**INFORMATION SUPPLIED:**
———

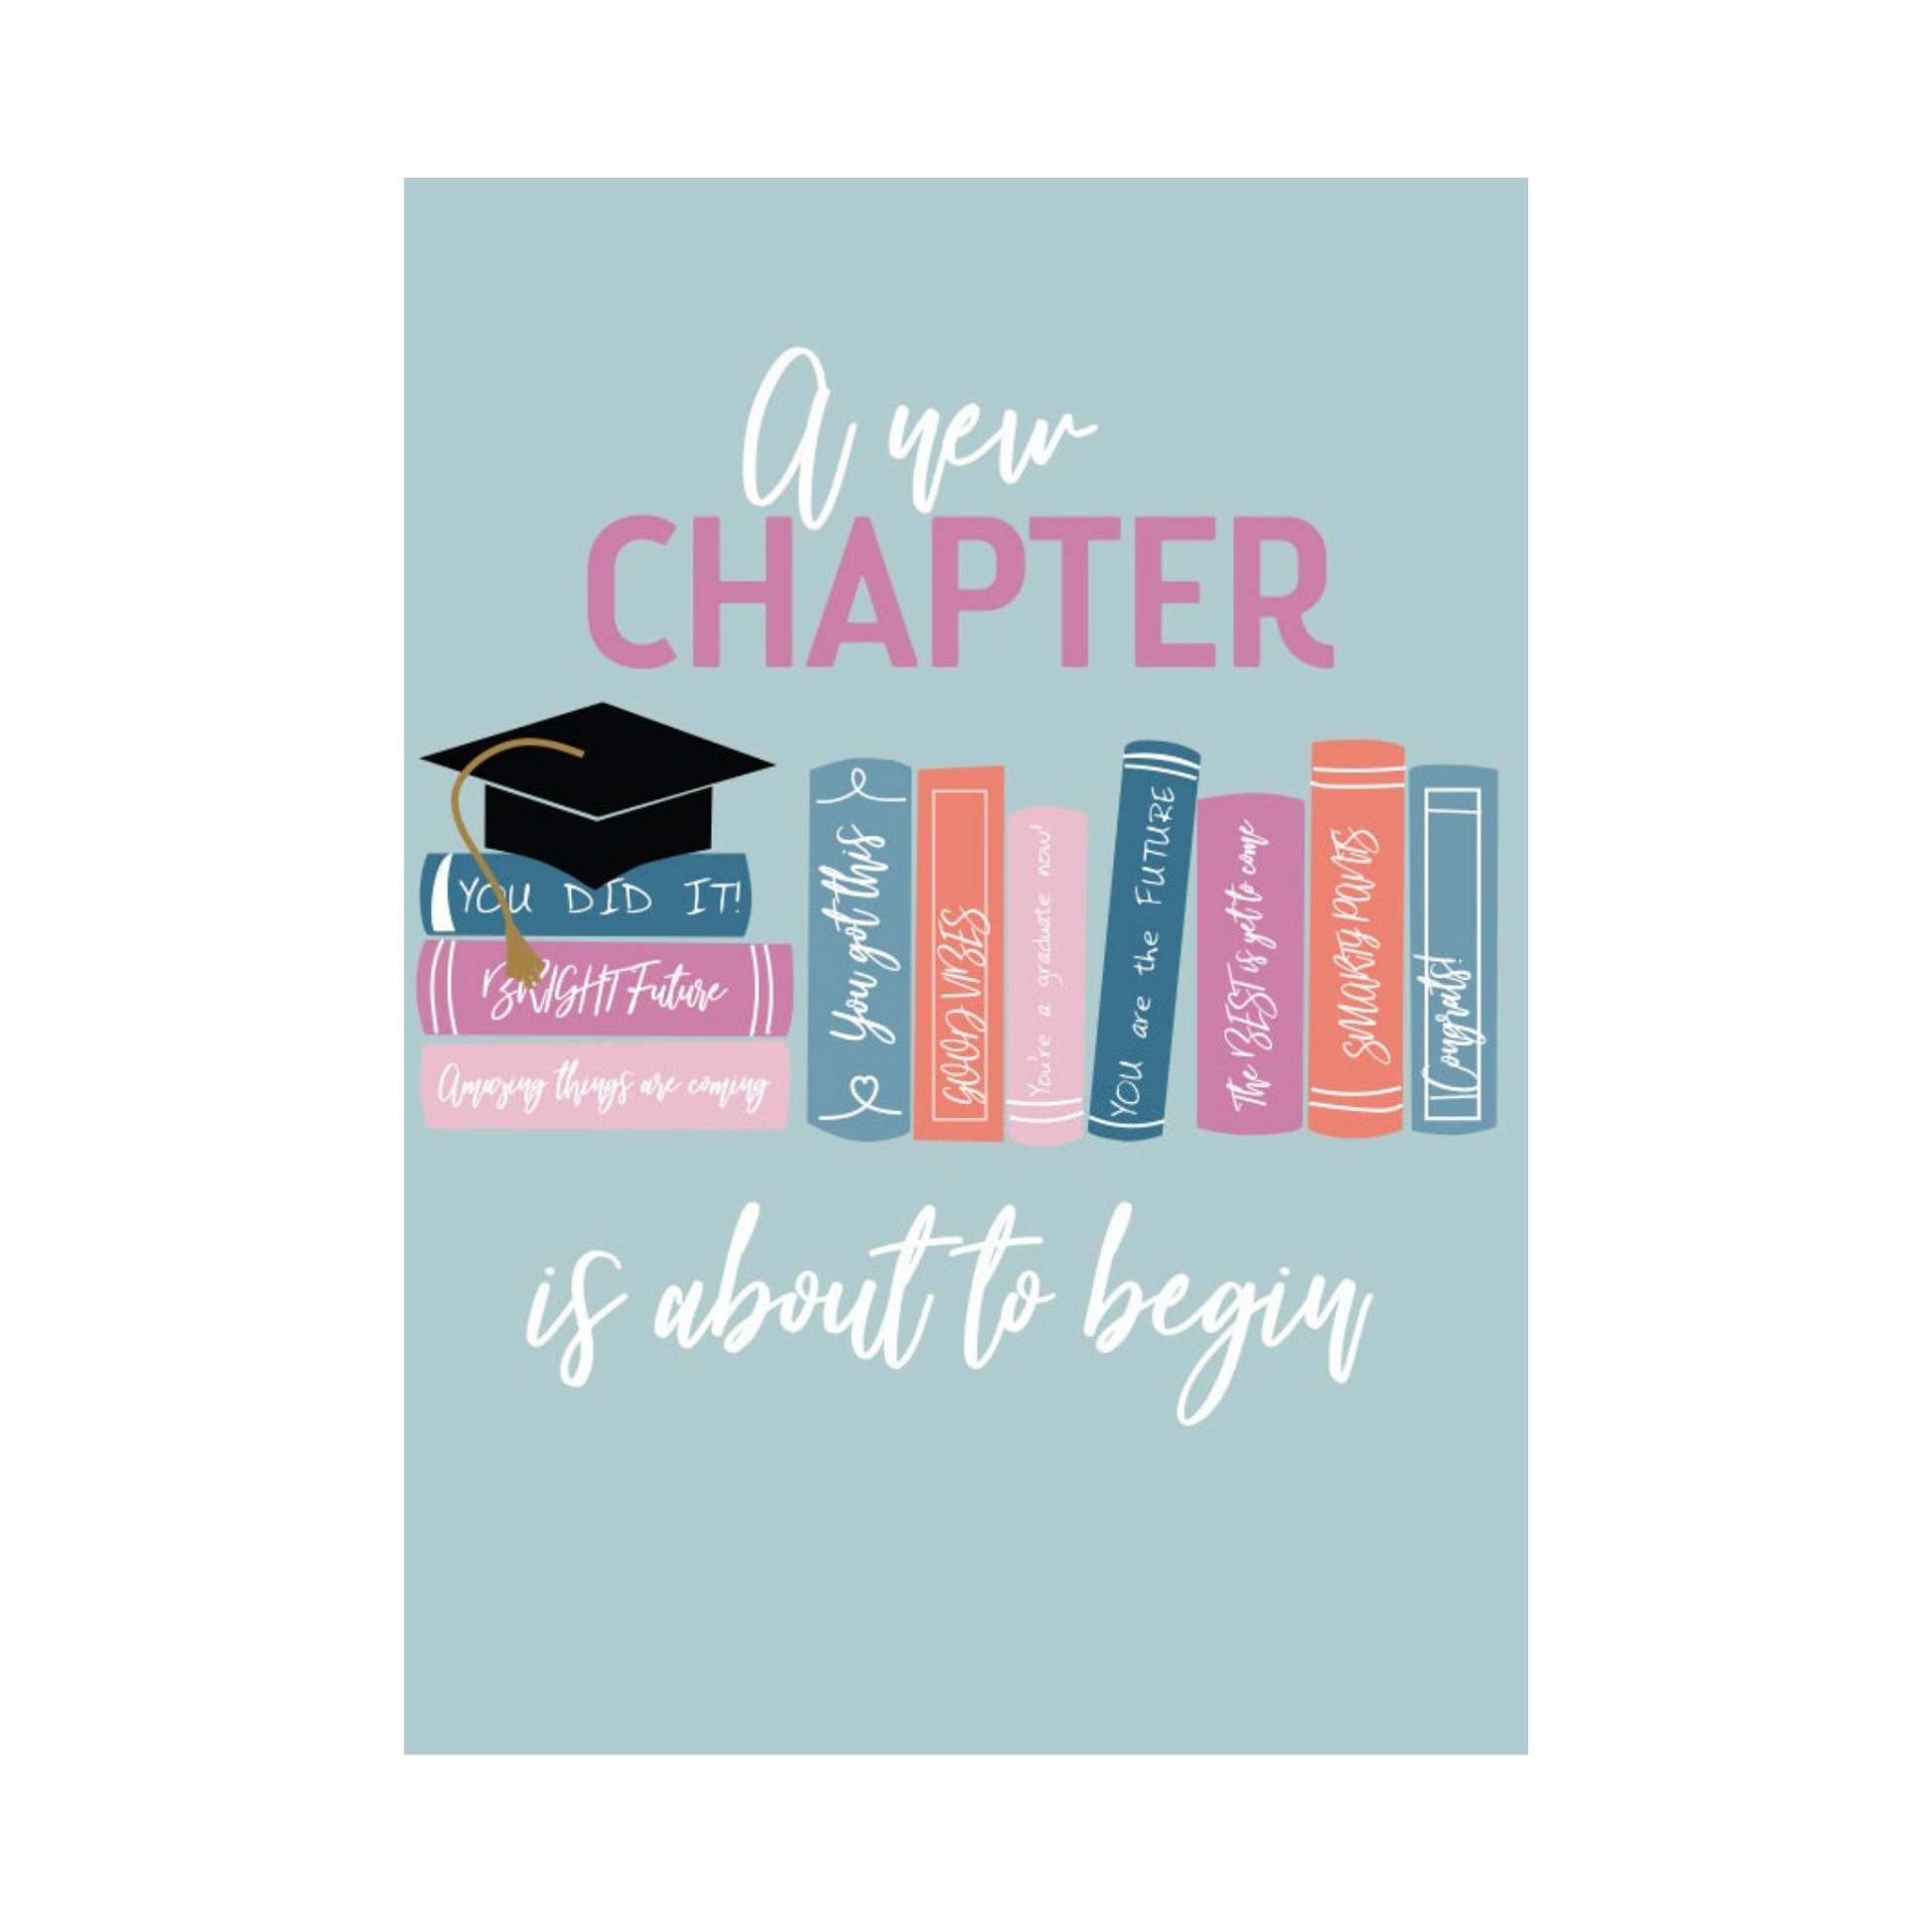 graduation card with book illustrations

———

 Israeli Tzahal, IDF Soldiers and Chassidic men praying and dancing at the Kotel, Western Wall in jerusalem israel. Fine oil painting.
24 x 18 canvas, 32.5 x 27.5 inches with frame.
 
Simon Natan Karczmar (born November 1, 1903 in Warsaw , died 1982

———

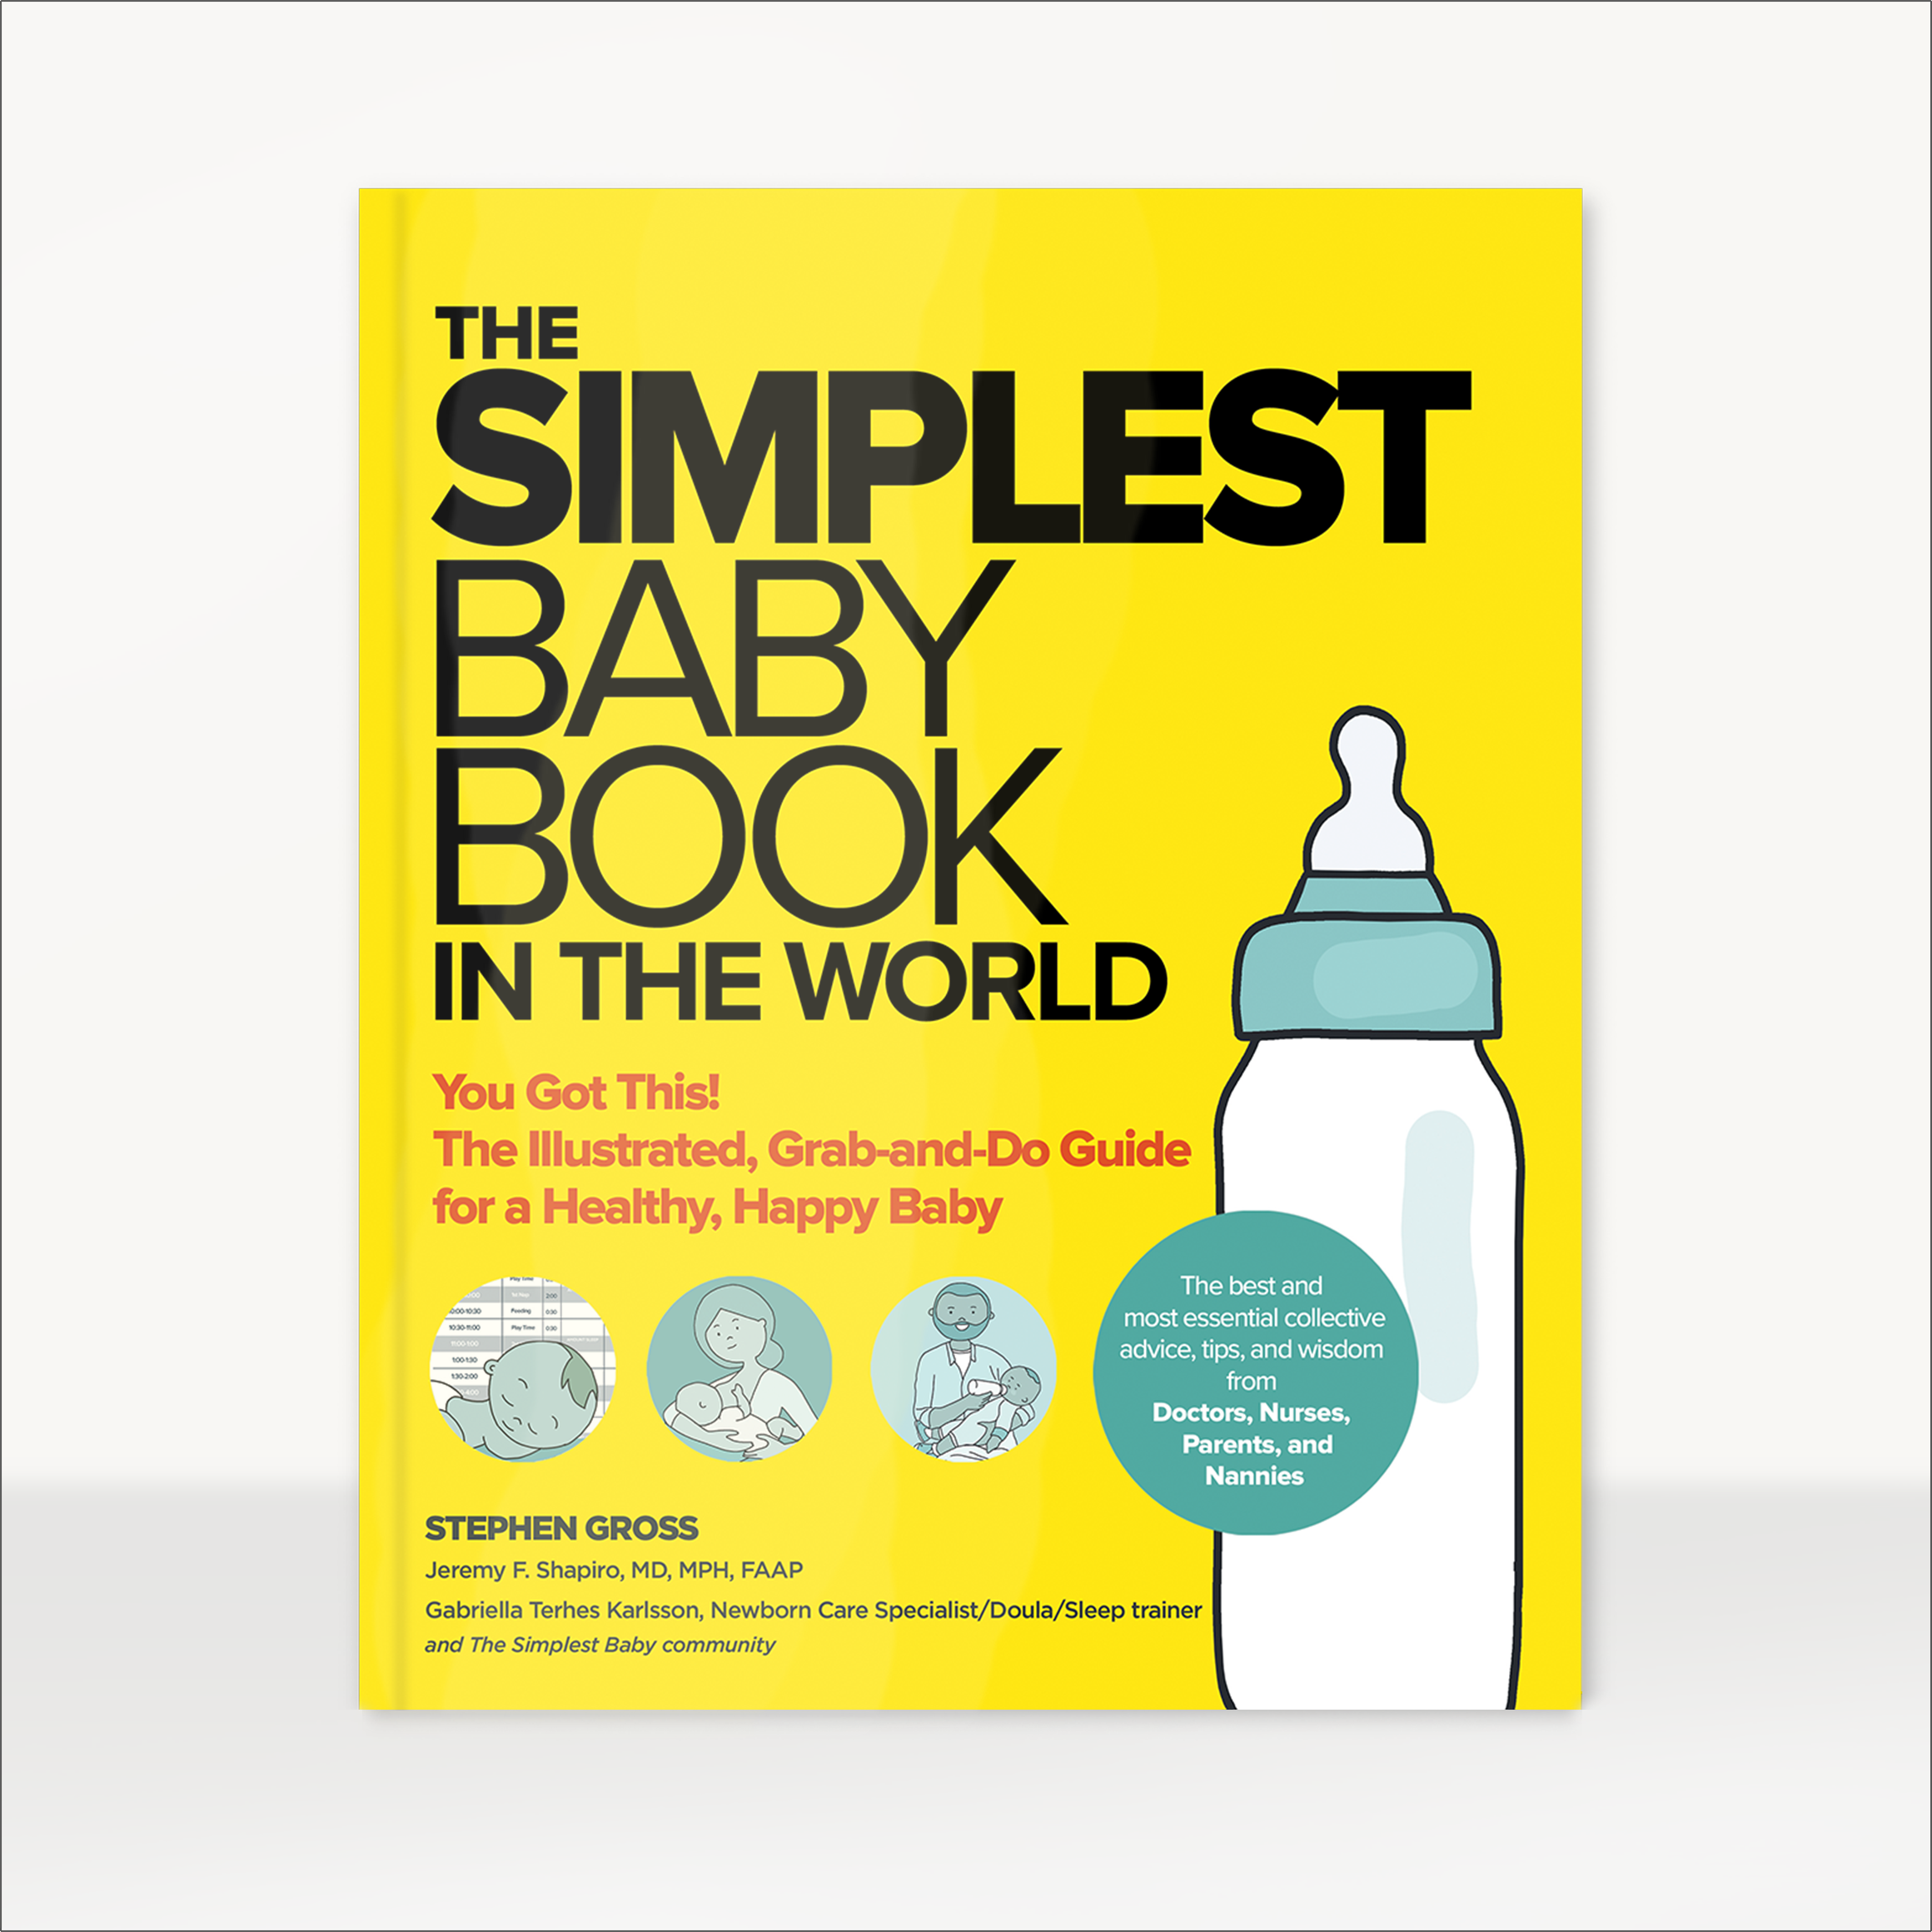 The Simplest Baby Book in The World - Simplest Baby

———

**WHAT YOU SHOULD DO:** Repeat exactly the lines above from the one with "24 x 18 canvas, 32.5" up to and including the one with "Simon Natan Karczmar". No other line belongs in the reply.

**TASK RESPONSE:**
24 x 18 canvas, 32.5 x 27.5 inches with frame.
 
Simon Natan Karczmar (born November 1, 1903 in Warsaw , died 1982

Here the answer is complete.